The problem with "the customer is always right" is that we are dealing with live animals, and there's a million things that can throw off a new baby. Many many (many) people will not tell you that their dog carried it outside or that they left it in a hot car or that their 2 year old took it in the bath with them, but that stuff does happen, and it happens a lot. More than once we have had people tell us a tortoise we sent them died after whatever amount of time (outside our normal 7 day guarantee). We always ask them for information and try and figure out why, but many times there's no obvious explanation. Many times I'm sure they know why it died, but they won't tell you that in the hopes of getting it replaced. We almost always ask for photos of the setup which about half the time you will never get a response to. More than once we have had photos taken from google sent to us claiming that was their setup (they were familiar photos to me when they sent them, I had seen them before).
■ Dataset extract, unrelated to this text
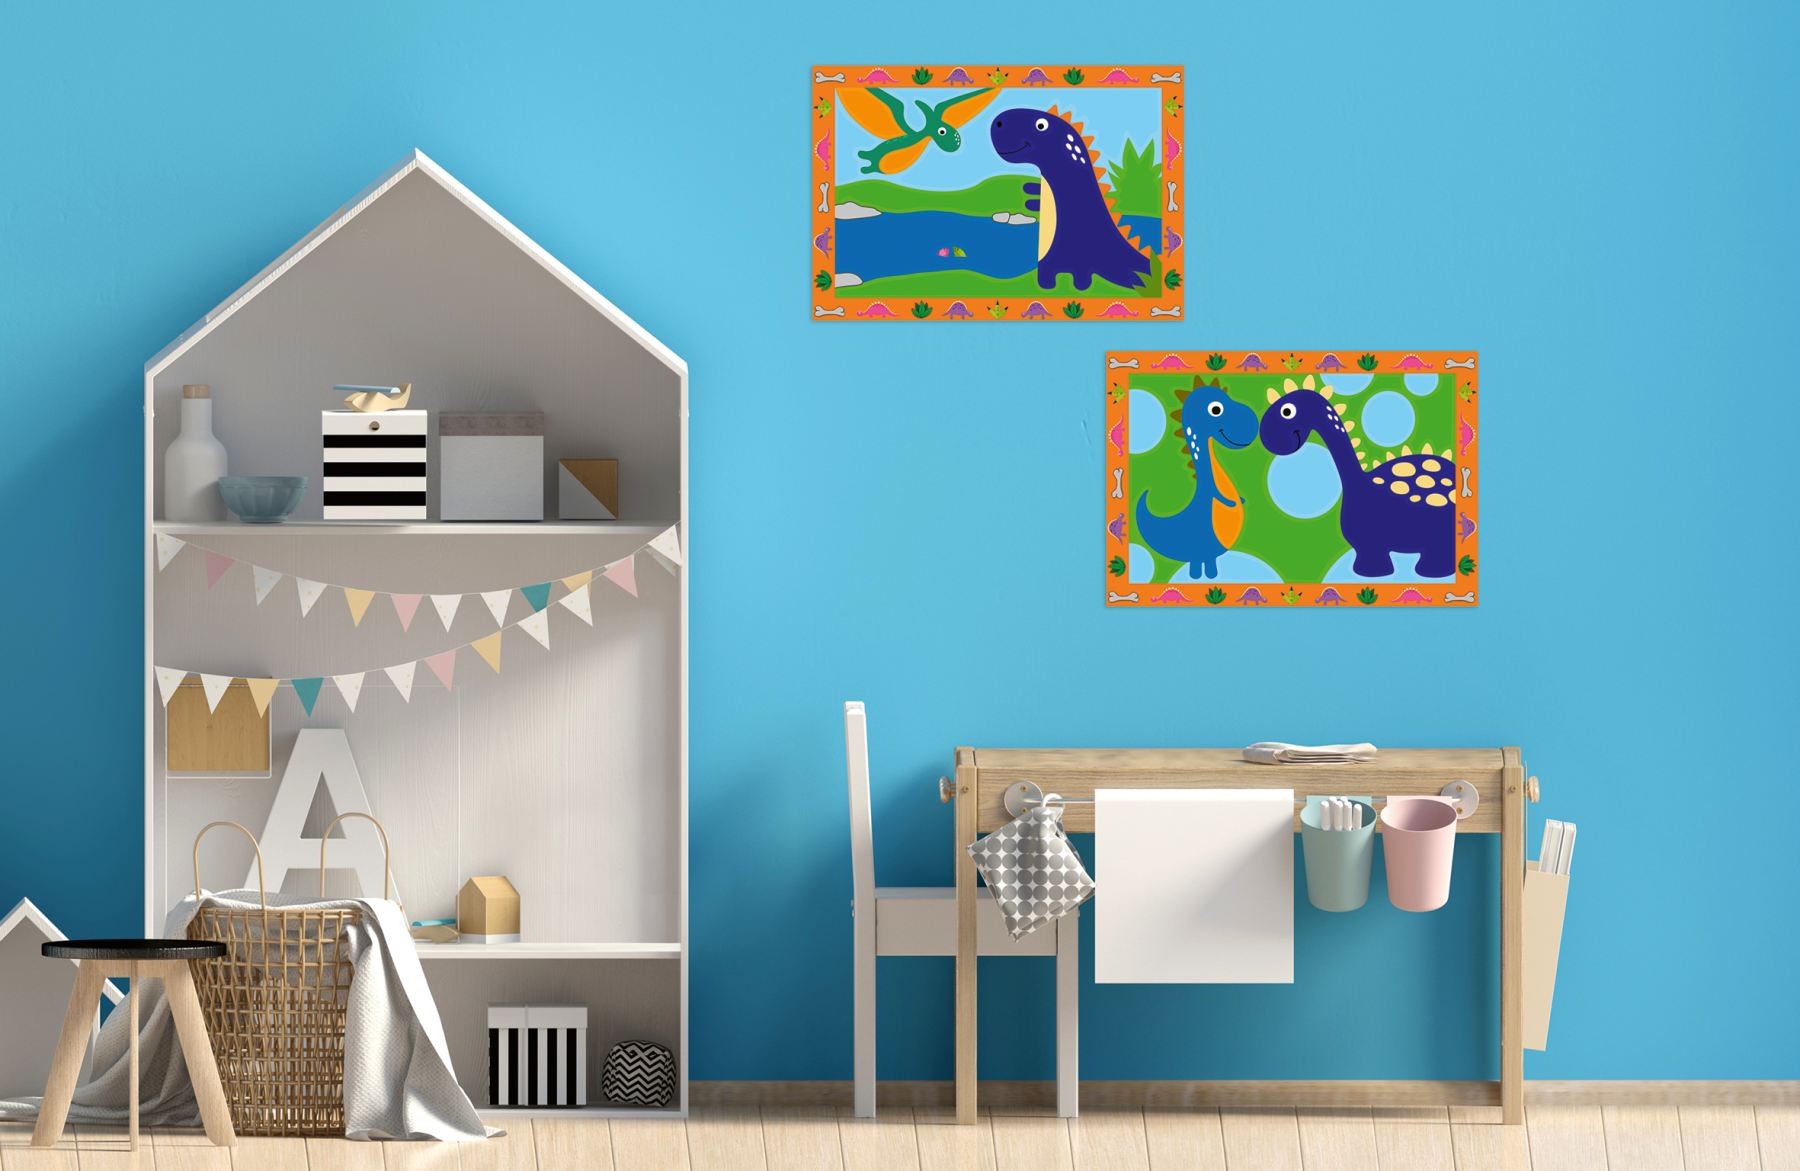 Ravensburer - creart serie junior, dinosauri, kit dipingere con i numeri, contiene 2 tavole prestampate, pennello, colori, gioco creativo per maschi e femmine dai 5+ anni di età - RAVENSBURGER

Someone sent me a photo I posted on facebook 5 years ago saying that was their setup. A few months ago, someone called my wife about this, said they had a "nice little setup." She asked for more information and they were unclear, just that it was set up right per our website. She finally got a photo out of them, and it was literally in a metal pan with no substrate, no light, no hide, placed next to a window with a couple of crumbs of food in there. This was like a month after they got it, they were asking why it wasn't eating (I'll try to attach a photo below, I kept this photo because I knew this would come up again). In their opinion, being next to the window was a light and heat source. People don't want to spend $100 on a tortoise and then be told they need to go spend $150 more to set it up right. They want to take shortcuts, and think they know better how to do it.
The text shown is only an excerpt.